Data provided
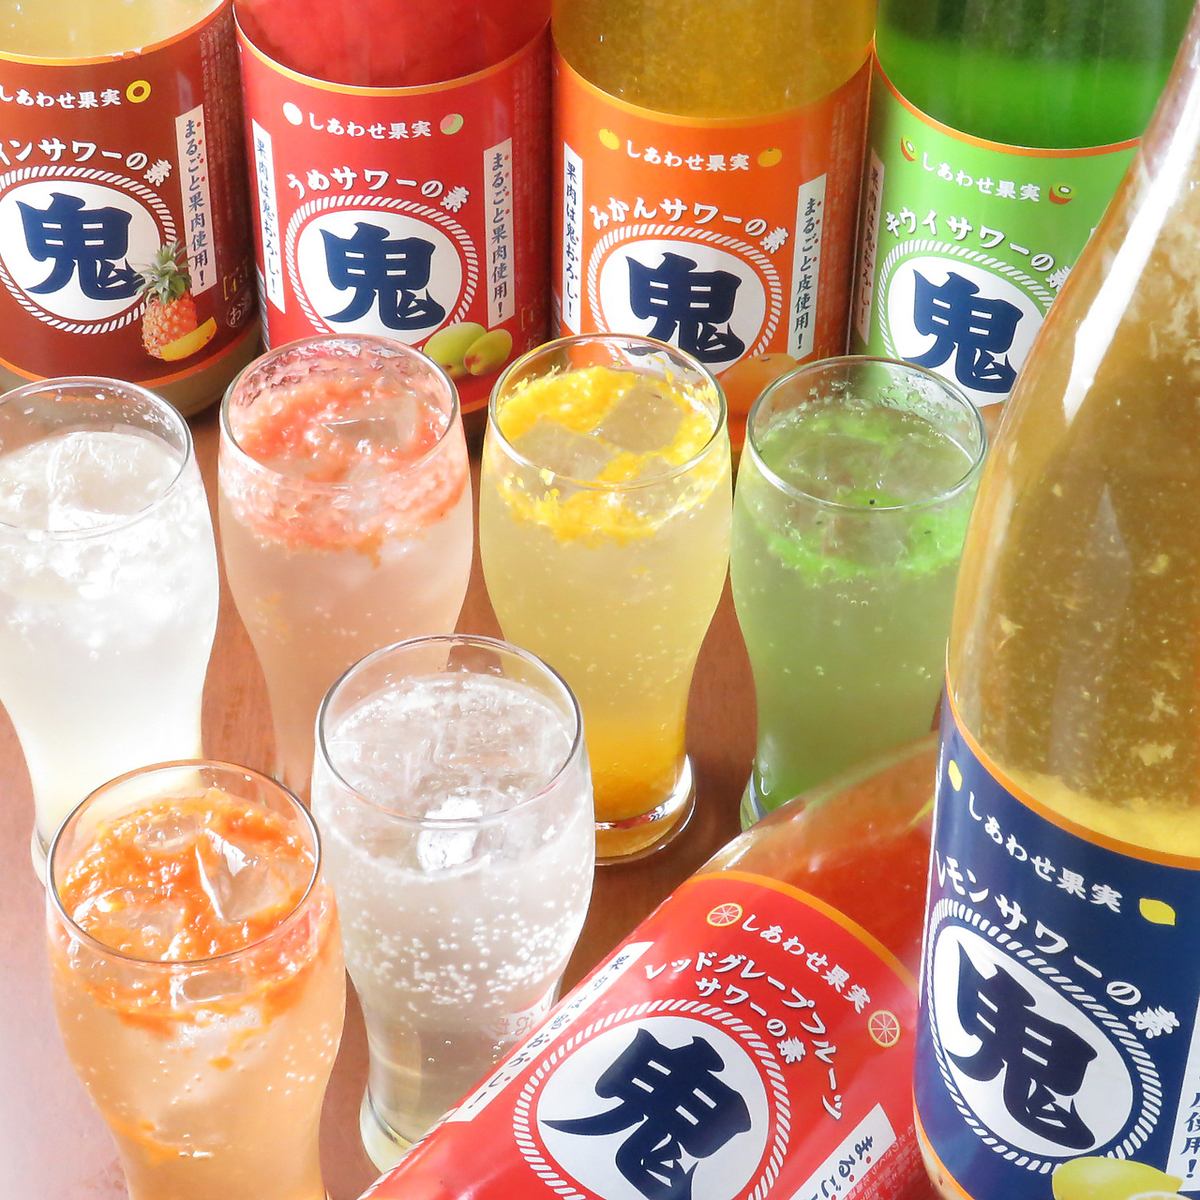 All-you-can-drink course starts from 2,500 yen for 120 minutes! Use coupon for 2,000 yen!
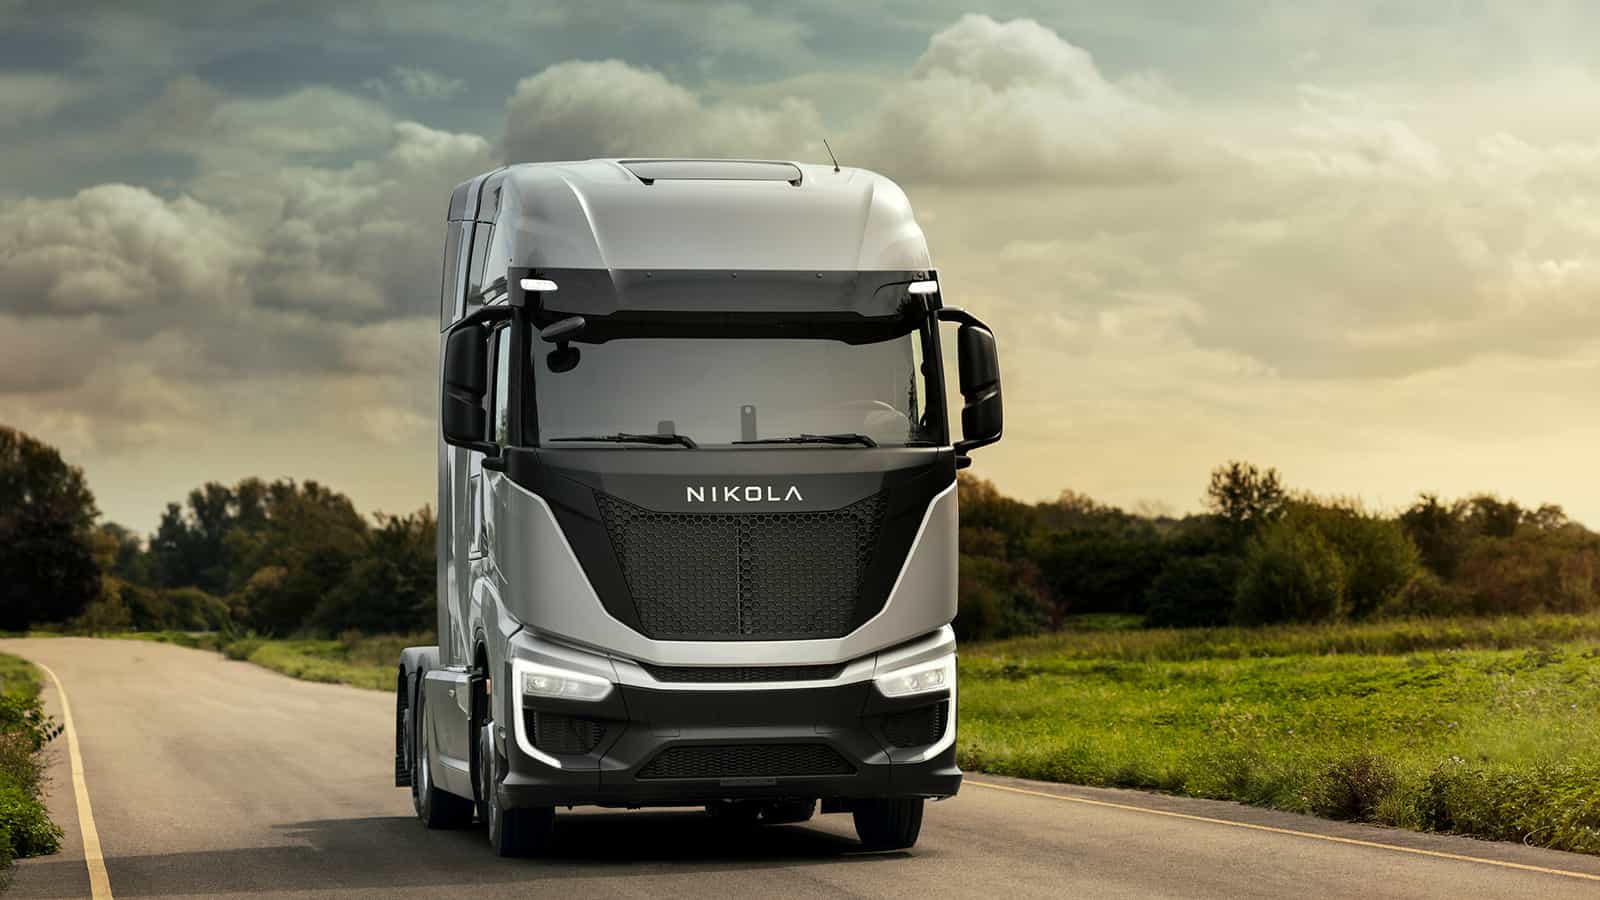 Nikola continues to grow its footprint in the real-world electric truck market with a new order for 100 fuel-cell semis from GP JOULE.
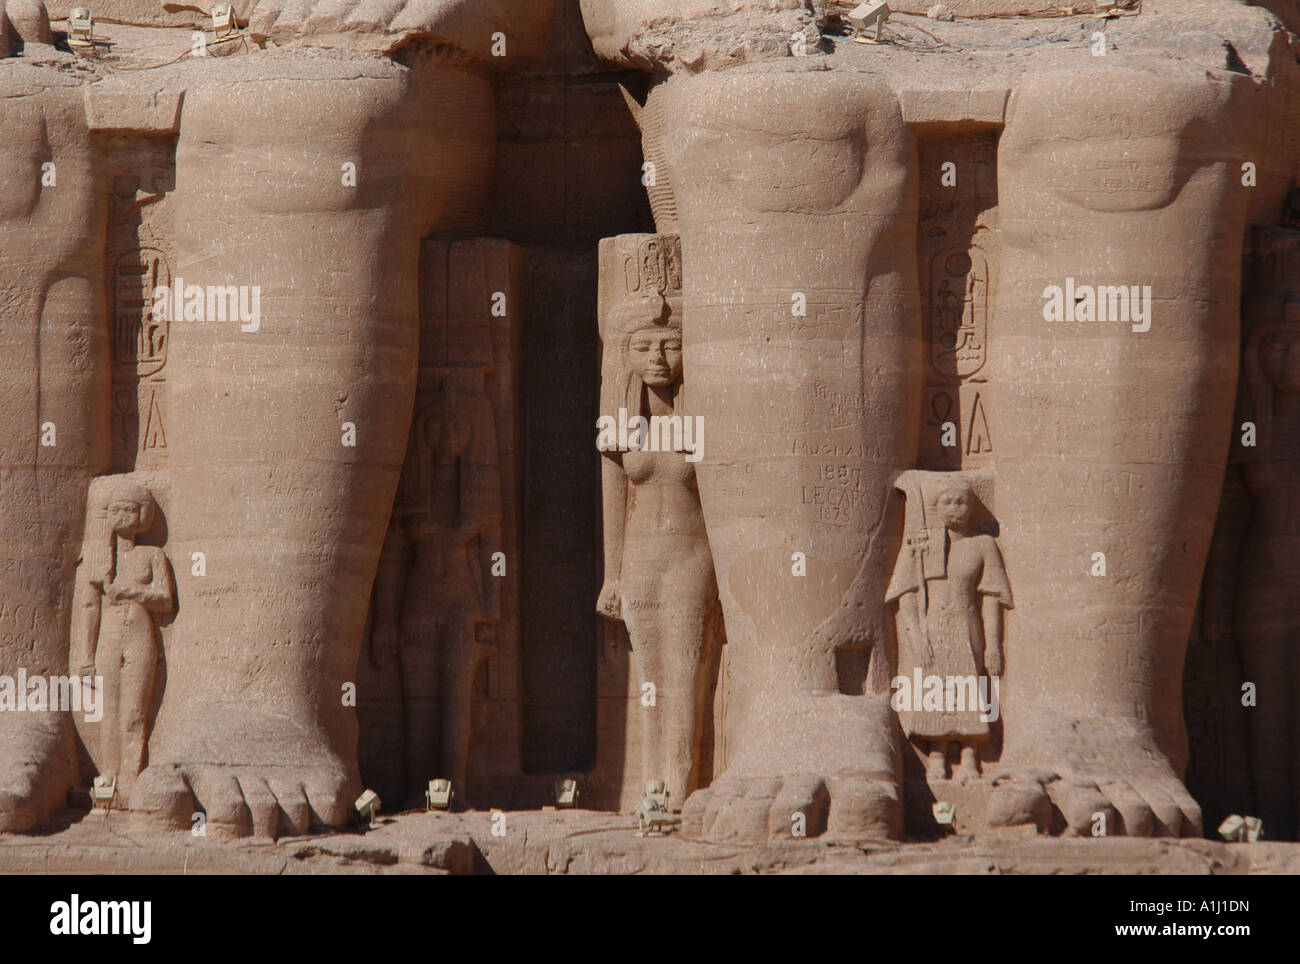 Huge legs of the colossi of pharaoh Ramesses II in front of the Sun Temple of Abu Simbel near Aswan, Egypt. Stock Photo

Work item
Would you repeat the material above exactly, line for line, from its first line to the line with "Nikola continues to", including both and skipping every picture?

Answer to the problem
 All-you-can-drink course starts from 2,500 yen for 120 minutes! Use coupon for 2,000 yen!
 Nikola continues to grow its footprint in the real-world electric truck market with a new order for 100 fuel-cell semis from GP JOULE.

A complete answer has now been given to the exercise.